▸ **INFORMATION SUPPLIED**
■ ■ ■ ■ ■
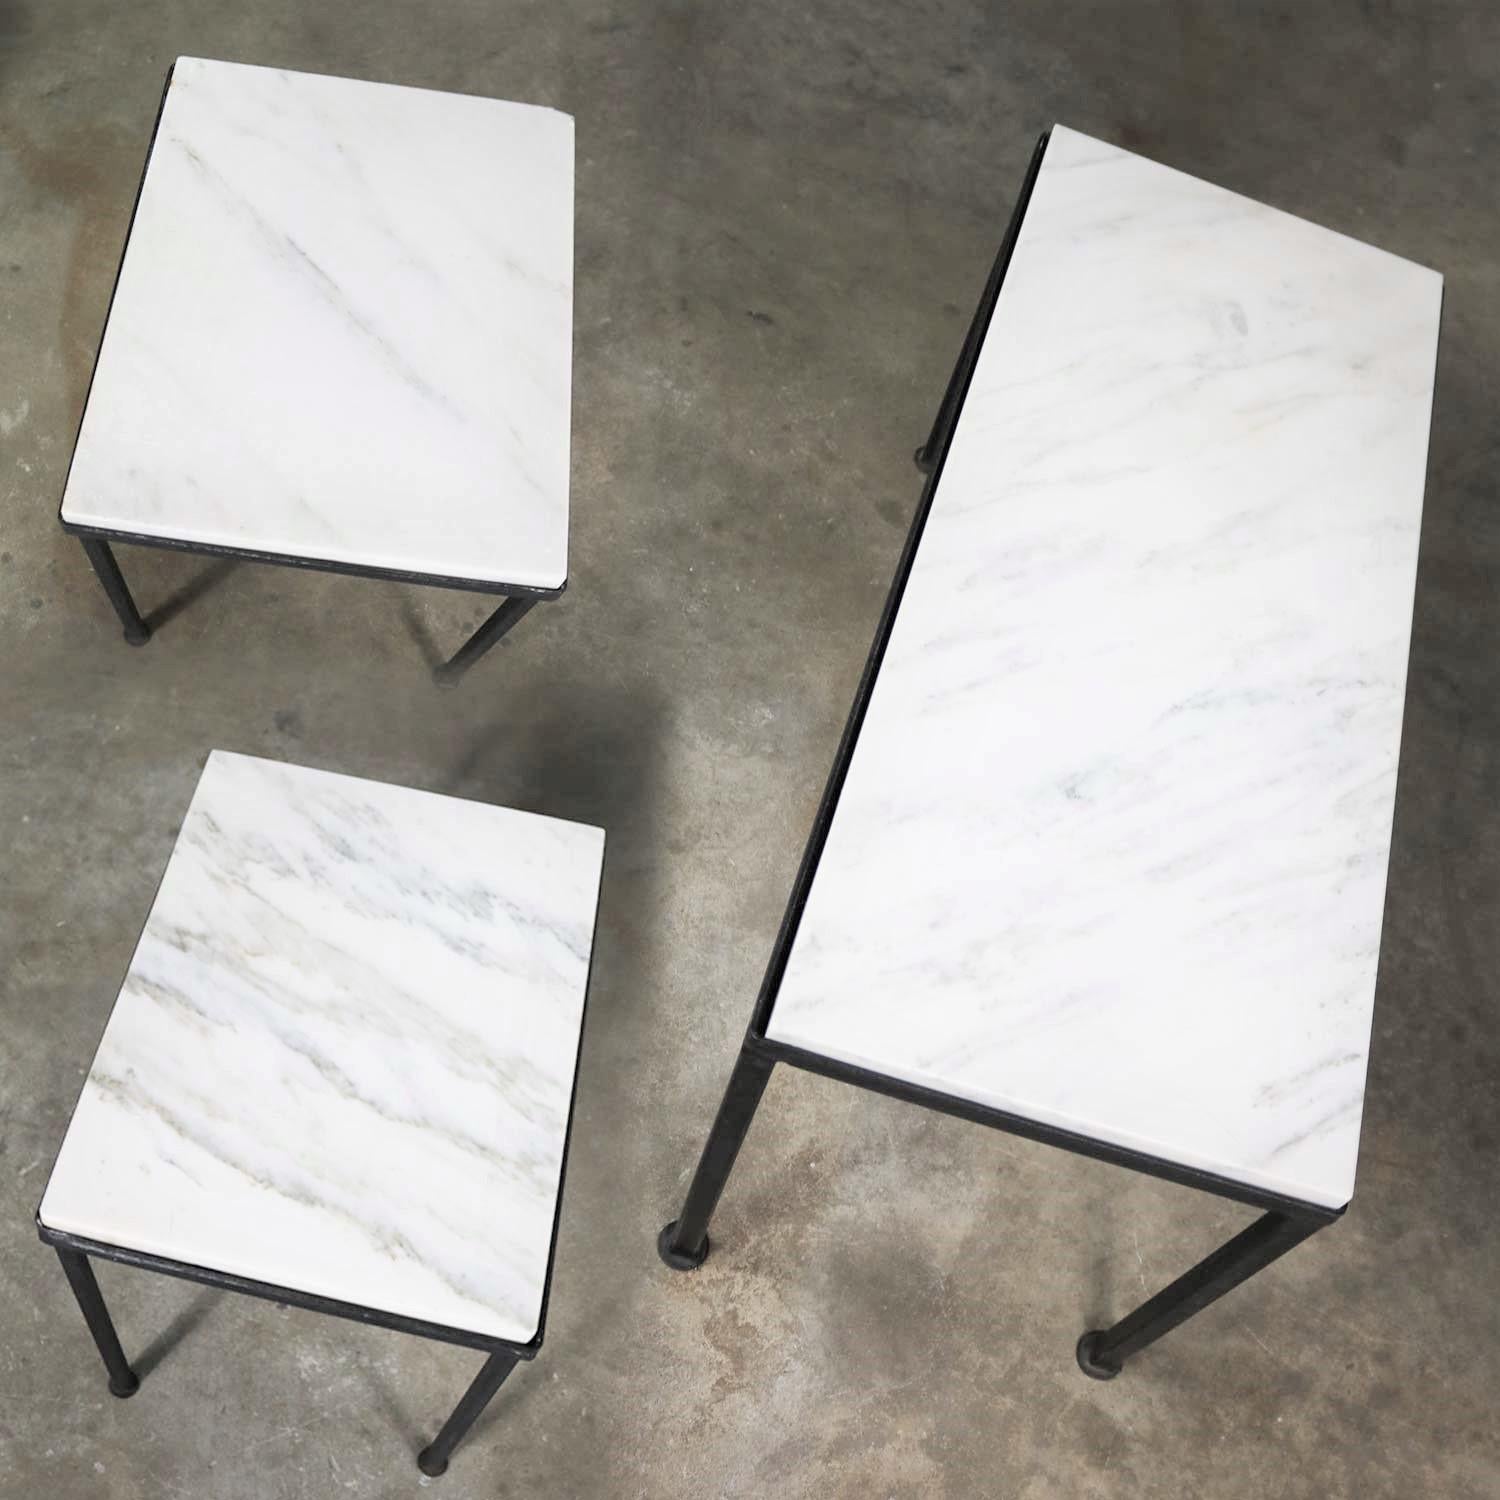 20th Century Trio of Small Black Iron Frame White Marble-Topped Tables for Indoors or Out
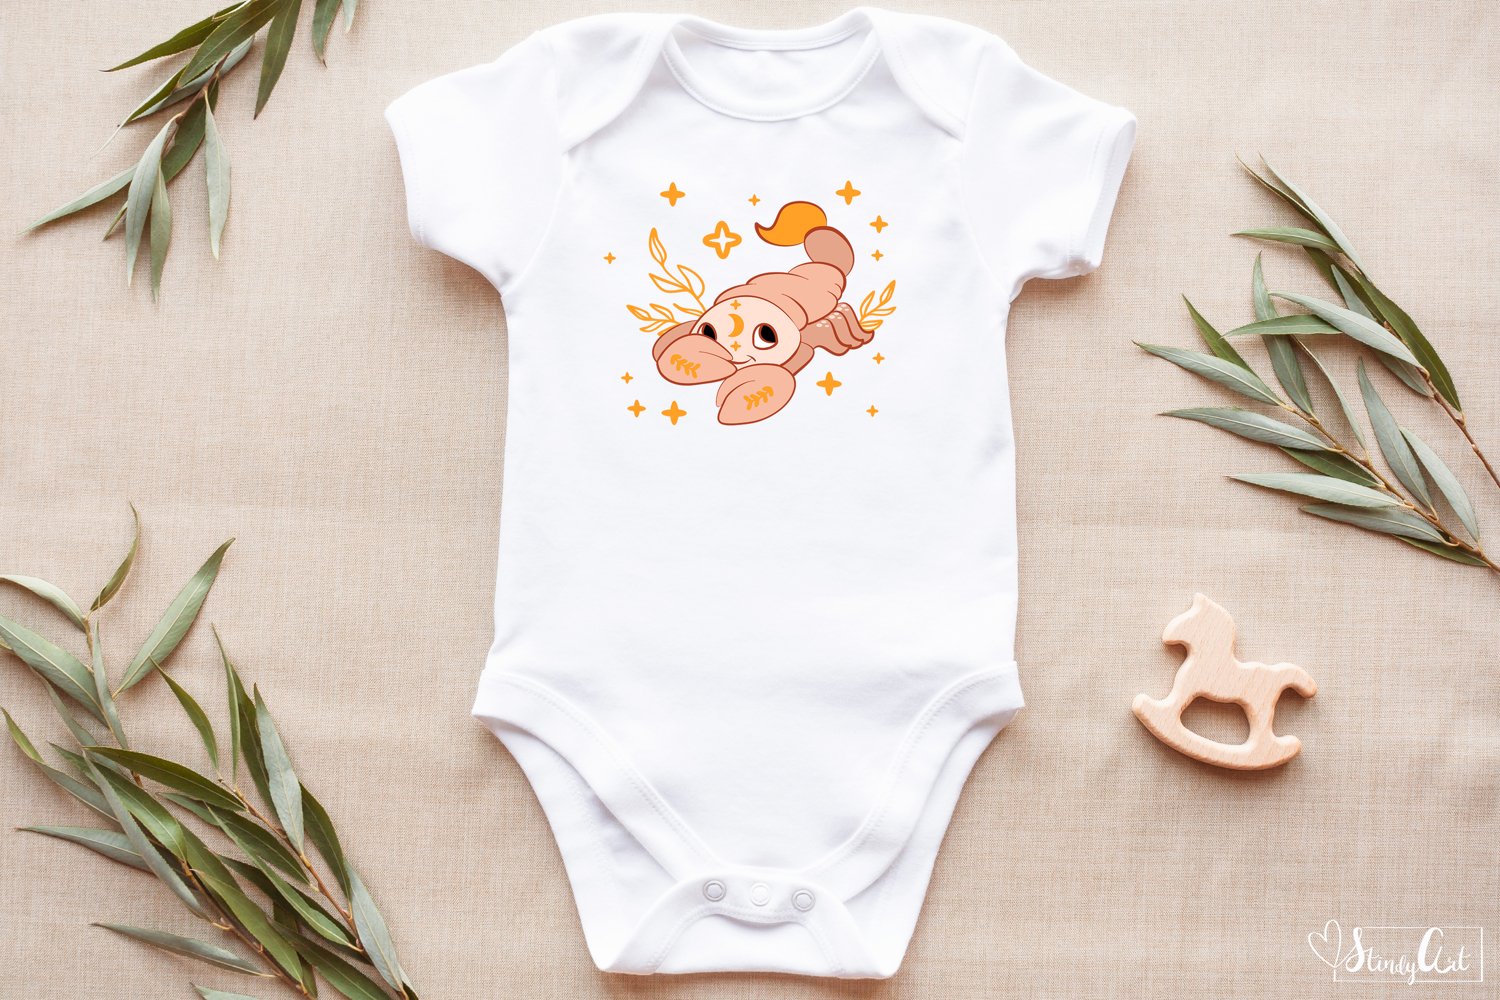 White baby bodysuit with a monkey on it.
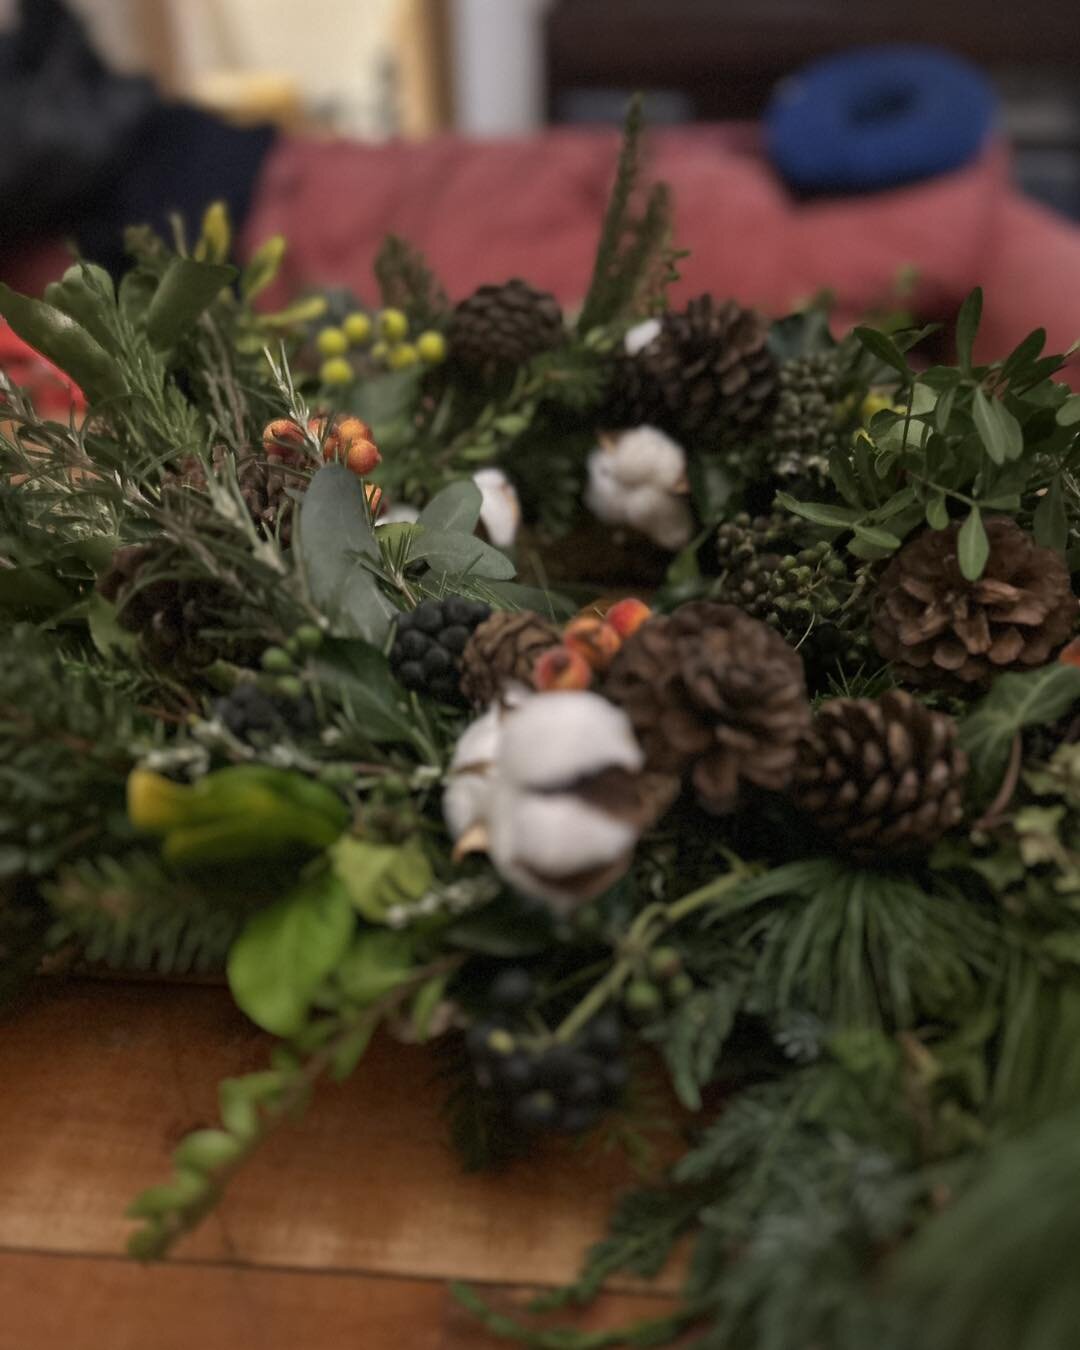 Lovely evening with Jackie from Mill Blossom Flowers making Christmas wreaths.
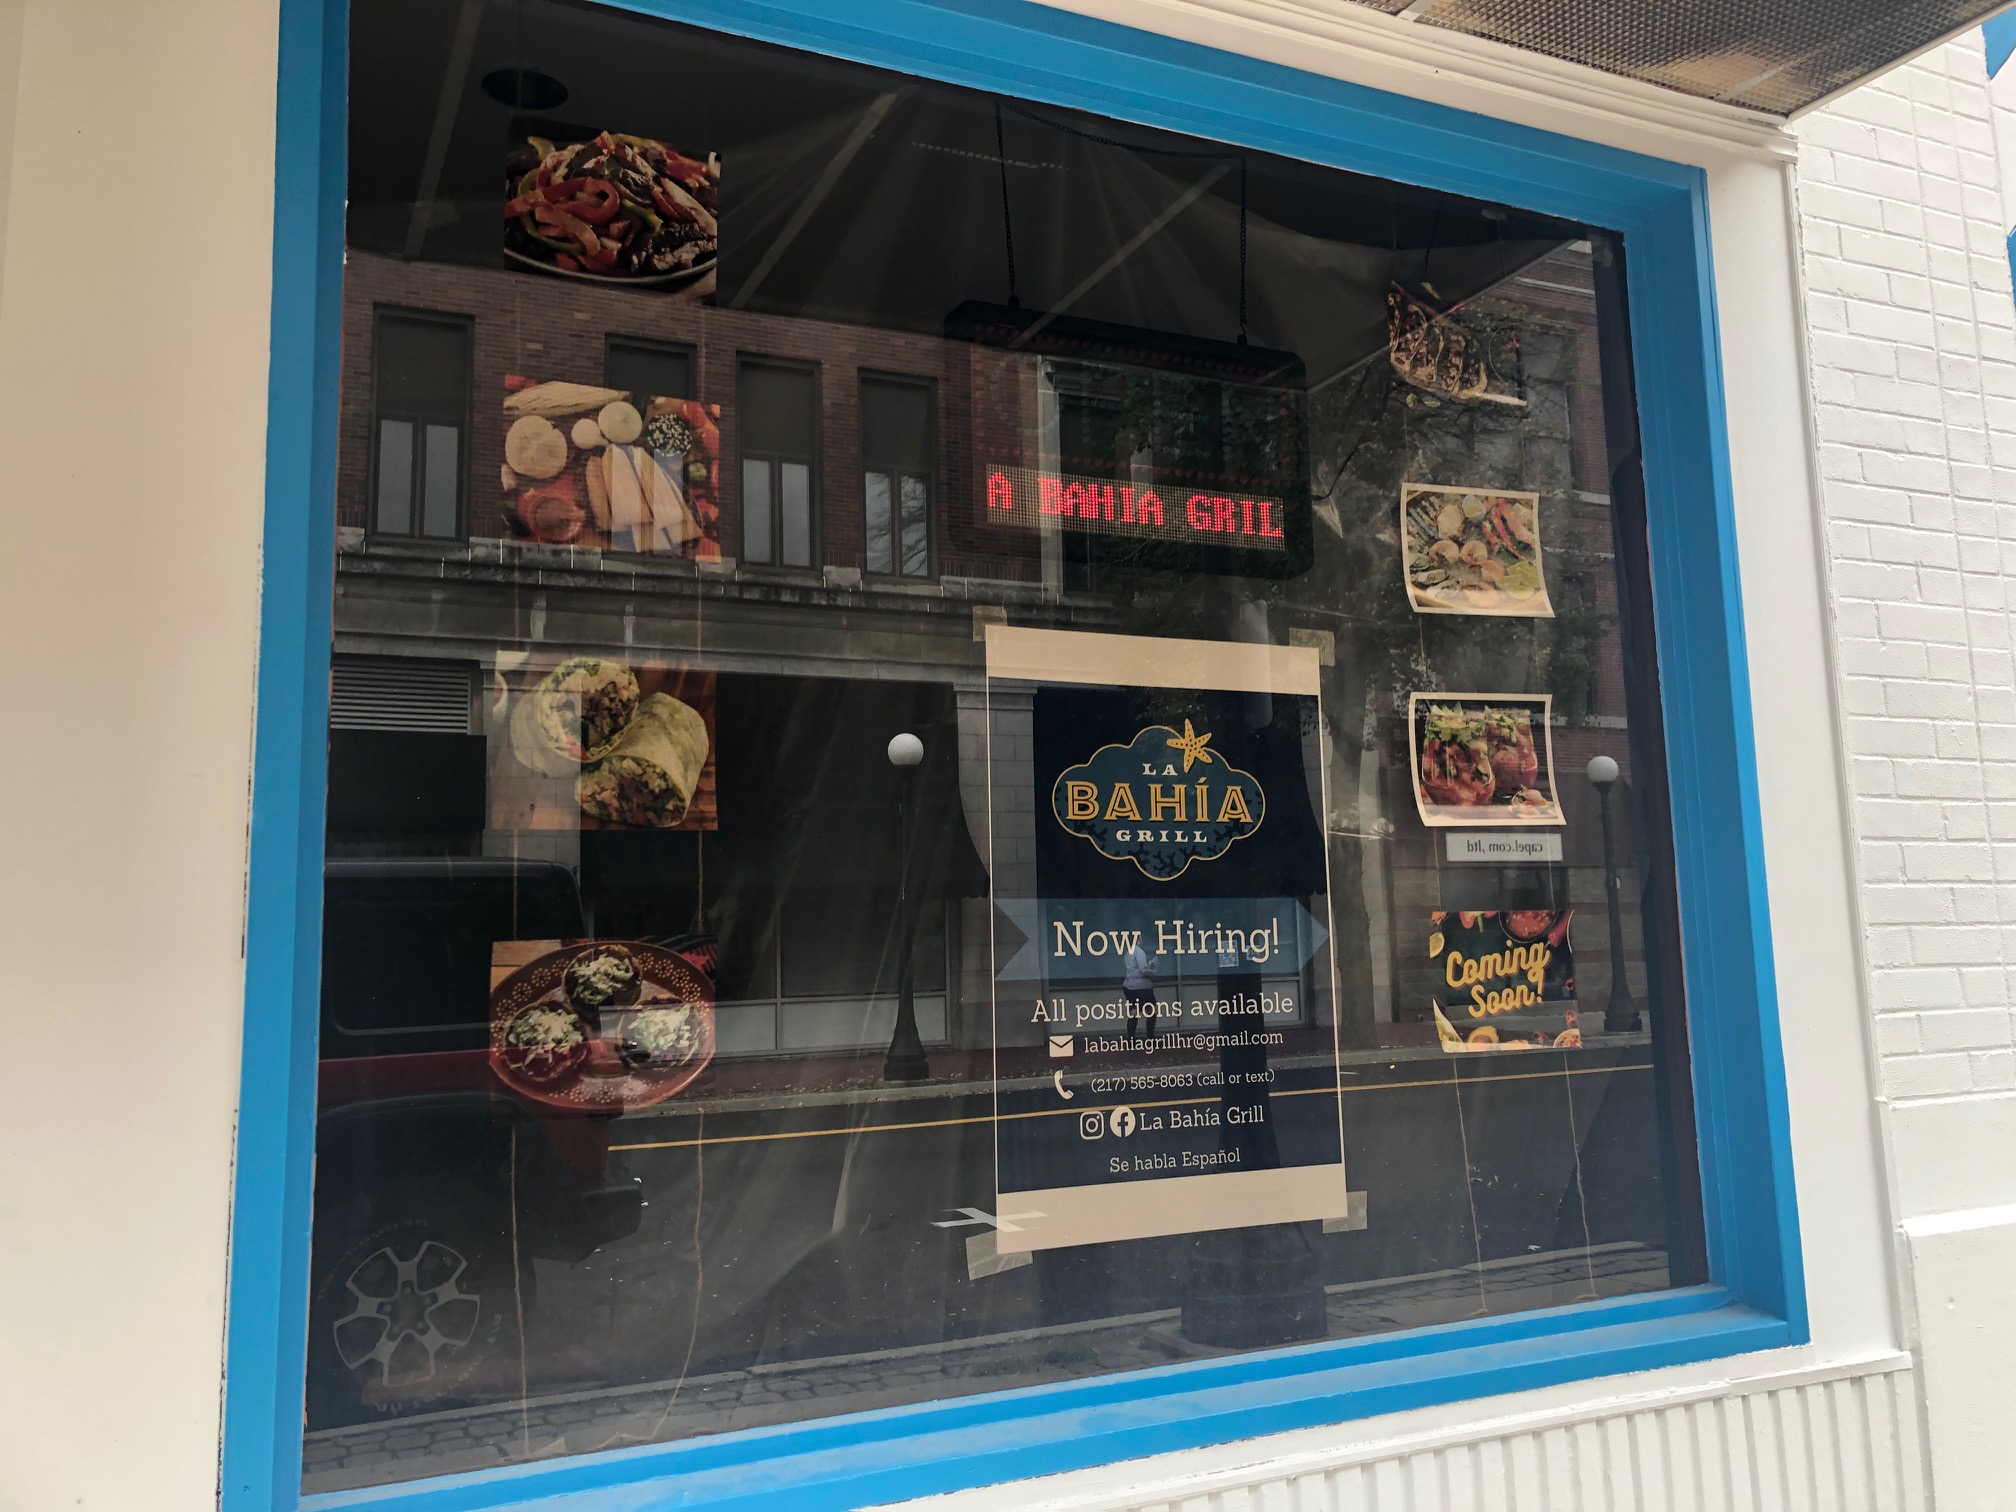 On brick painted white, there is a window with photos of food taped to the inside with a sign reading: La Bahia Grill Now Hiring. Photo by Alyssa Buckley.
■ ■ ■ ■ ■
▸ **EXERCISE REQUIREMENTS**
Reproduce the lines above letter for letter. The pictures stay behind.

▸ **EXPECTED ANSWER**
 20th Century Trio of Small Black Iron Frame White Marble-Topped Tables for Indoors or Out
 White baby bodysuit with a monkey on it.
 Lovely evening with Jackie from Mill Blossom Flowers making Christmas wreaths.
 On brick painted white, there is a window with photos of food taped to the inside with a sign reading: La Bahia Grill Now Hiring. Photo by Alyssa Buckley.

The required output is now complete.